Linear Algebra Concepts
Linear algebra extends beyond mere number calculations, using matrices and vectors to represent and solve systems of equations. Central to this are concepts like matrix operations, such as addition, scalar multiplication, and matrix multiplication. Another vital idea is the manipulation of matrices to achieve specific forms or solutions.
  • Understanding matrix operations enables solving complex problems in physics and computer science.
  • Powers of matrices can model repetitive processes or transformations in systems.
  • Patterns within matrix operations can often simplify complex calculations, making them manageable.
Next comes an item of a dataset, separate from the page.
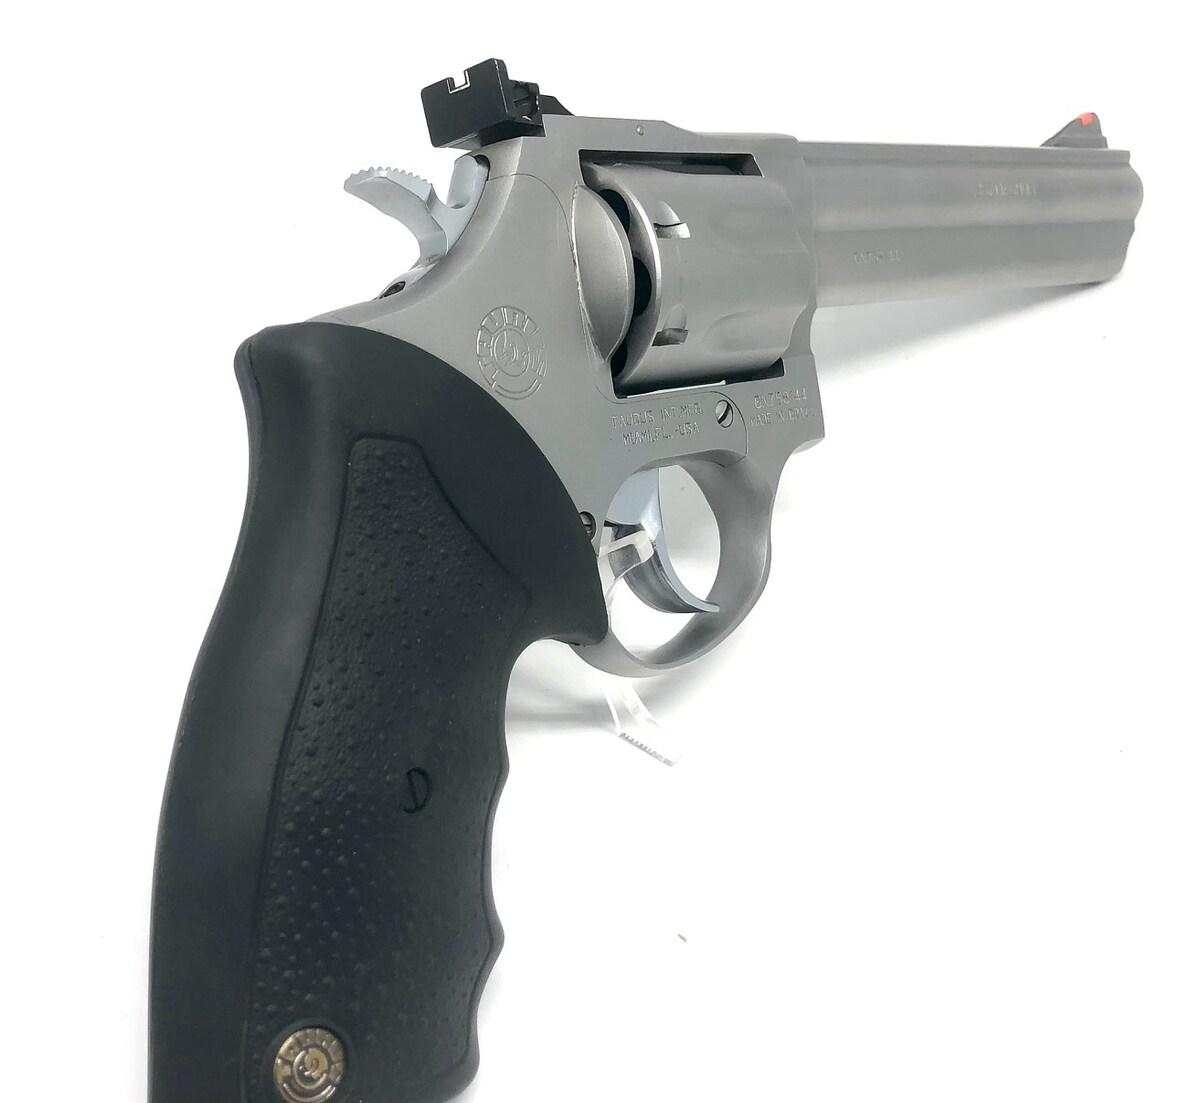 TAURUS M66 66 7-SHOT .357 STAINLESS

In the exercise where matrix \(A\) is raised to successive powers, the focus is on recognizing matrix behavior under repeated operations. Realizing how certain entries change and others remain constant provides deep insights into the matrix's structure and potential applications. Such insights are essential for advancing in fields that rely on linear algebra, like engineering or data science.